--- INFORMATION PROVIDED Enclosed Below ---

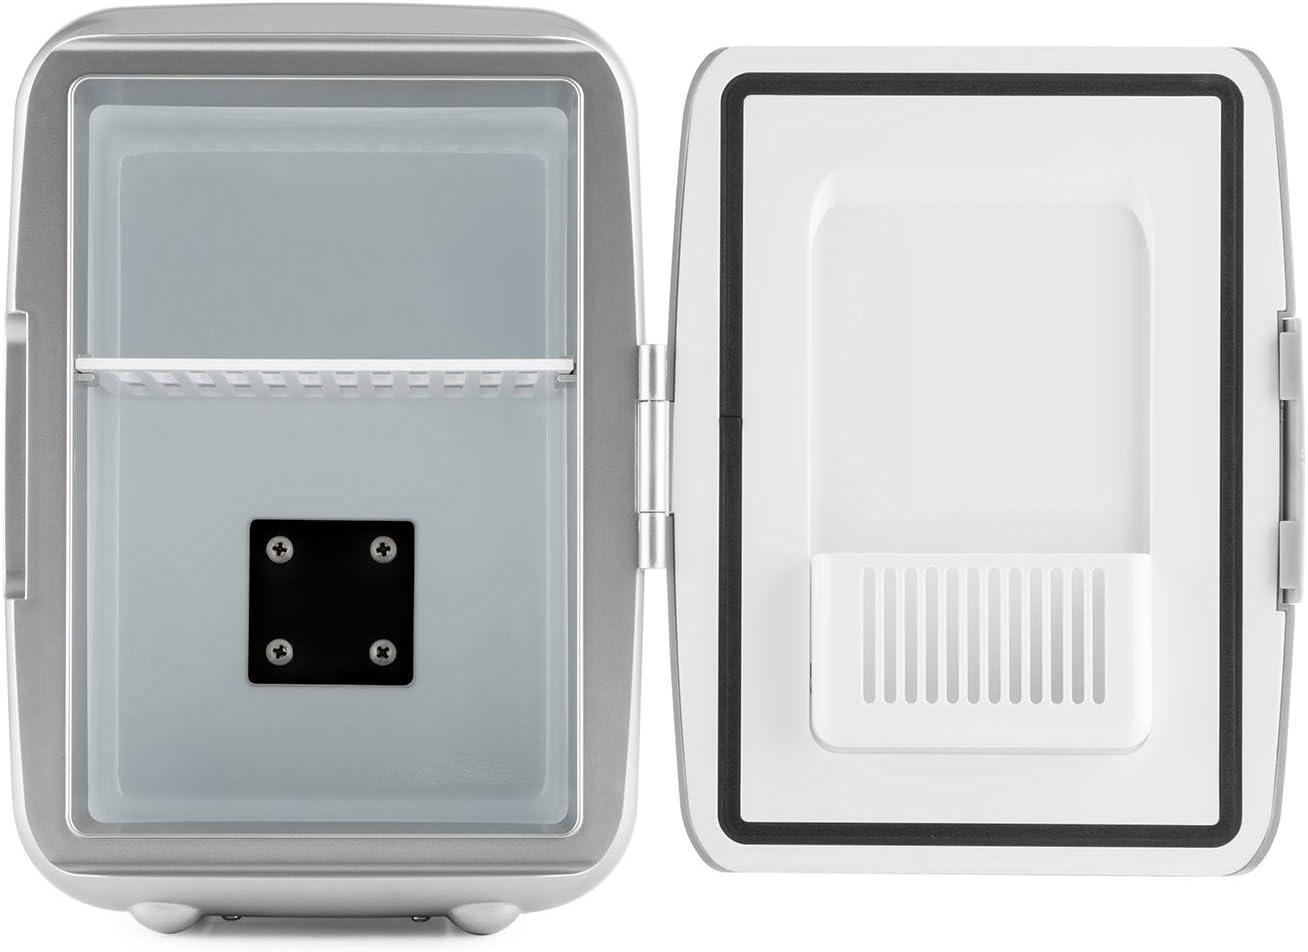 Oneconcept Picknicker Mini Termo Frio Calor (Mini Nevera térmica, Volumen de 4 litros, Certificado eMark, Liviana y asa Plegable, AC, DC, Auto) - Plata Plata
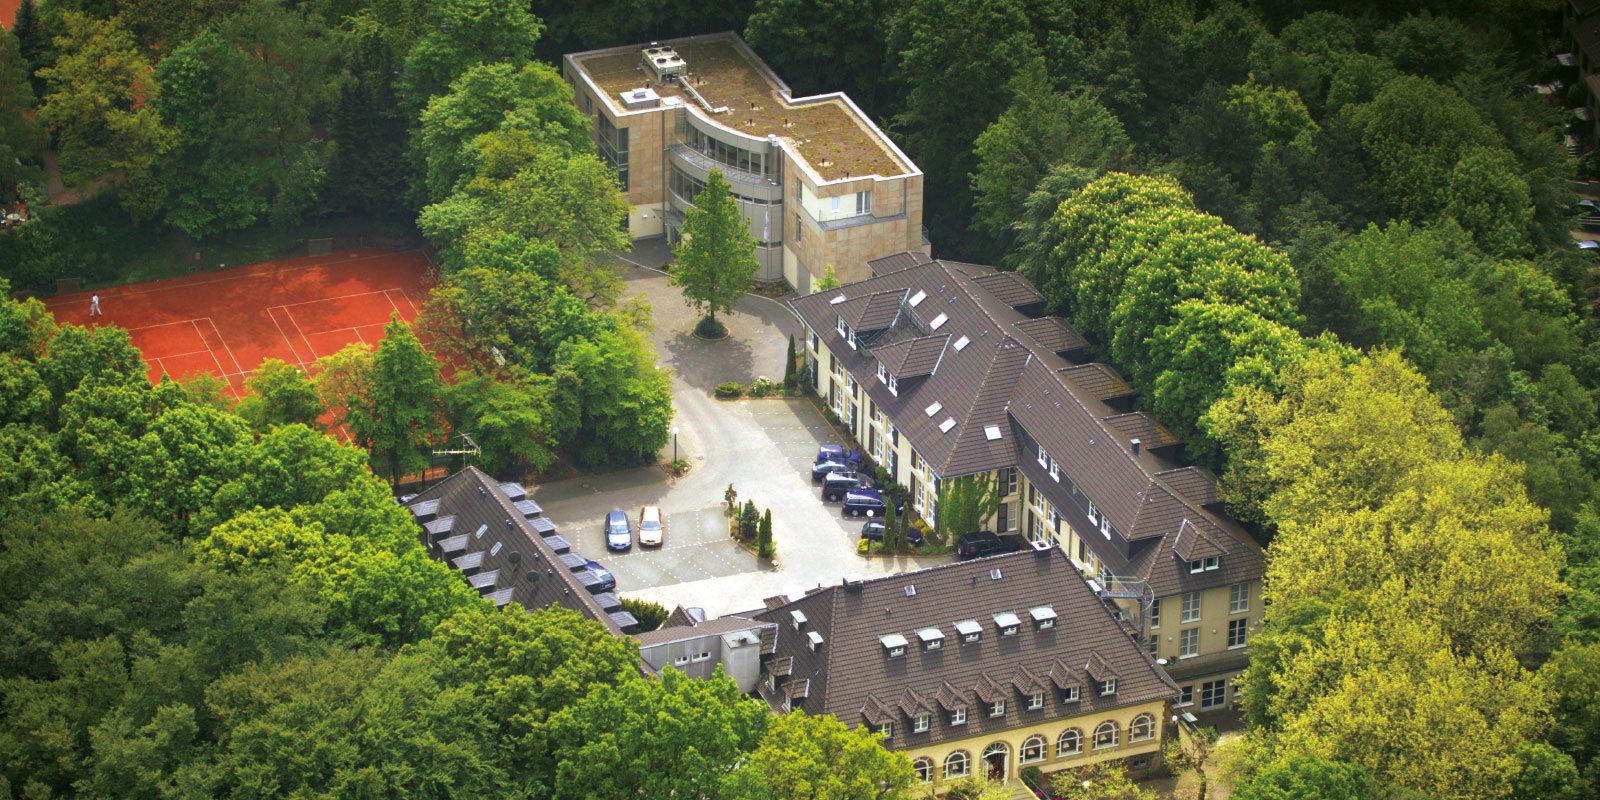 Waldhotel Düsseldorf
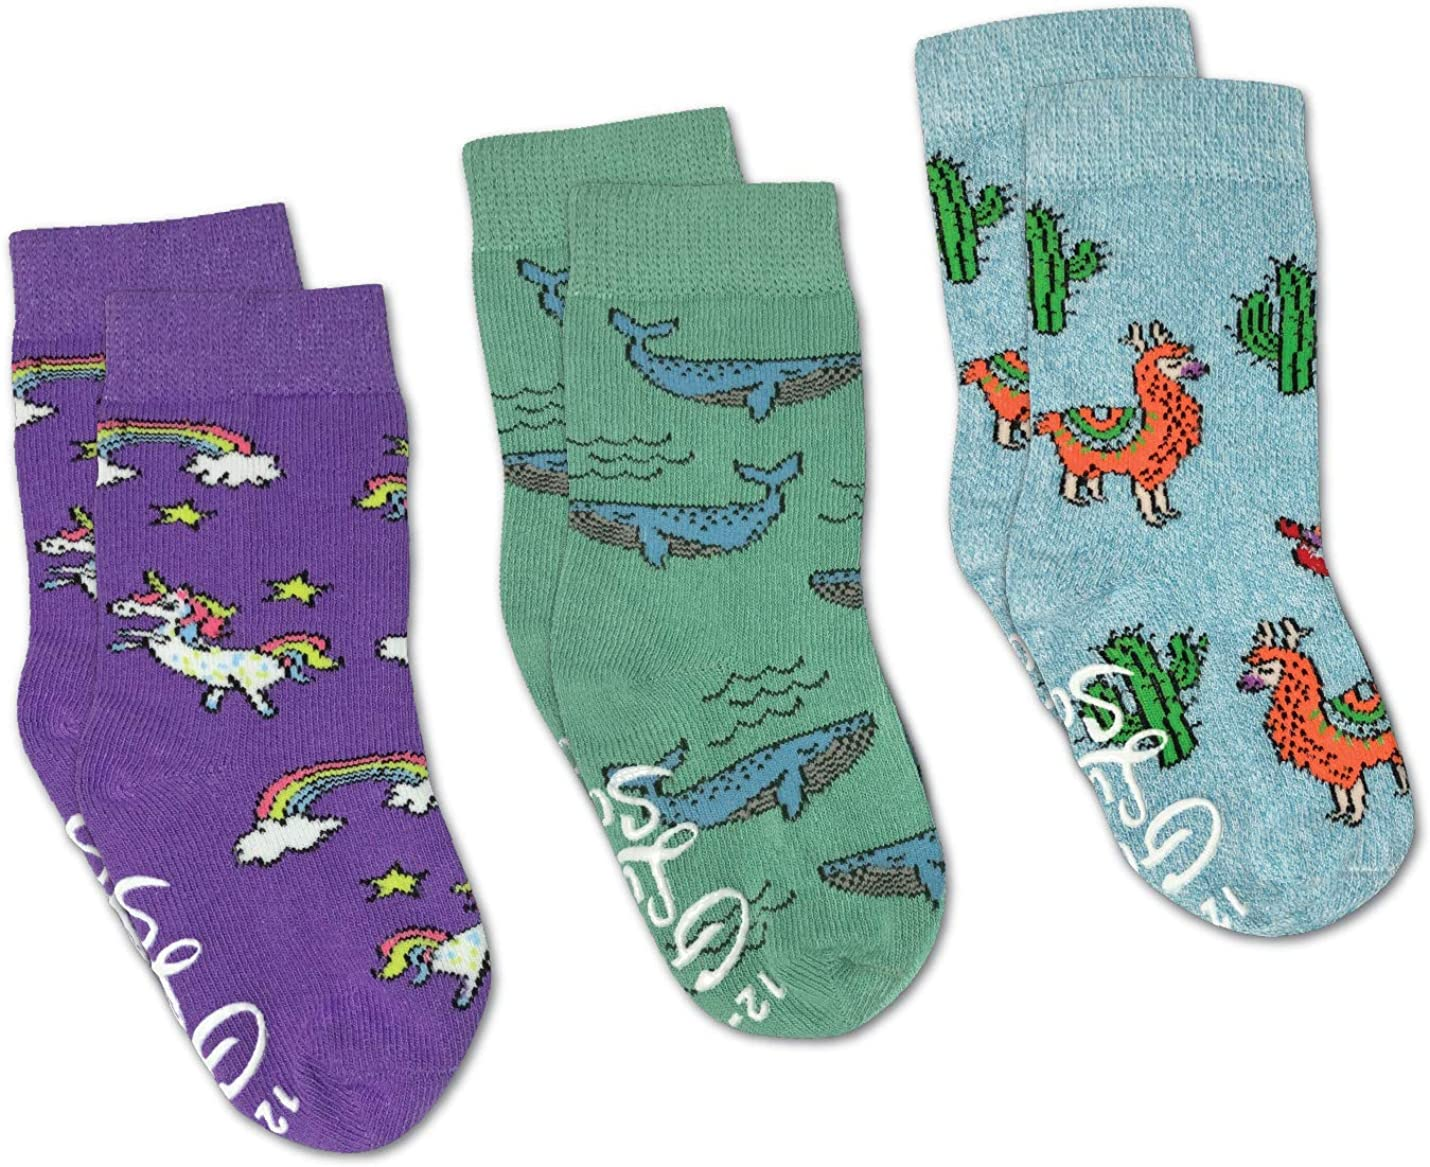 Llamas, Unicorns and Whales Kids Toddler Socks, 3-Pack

--- End of Enclosed INFORMATION PROVIDED ---

Print the listing exactly, but skip its pictures.

▶ **WRITTEN SOLUTION**
 Oneconcept Picknicker Mini Termo Frio Calor (Mini Nevera térmica, Volumen de 4 litros, Certificado eMark, Liviana y asa Plegable, AC, DC, Auto) - Plata Plata
 Waldhotel Düsseldorf
 Llamas, Unicorns and Whales Kids Toddler Socks, 3-Pack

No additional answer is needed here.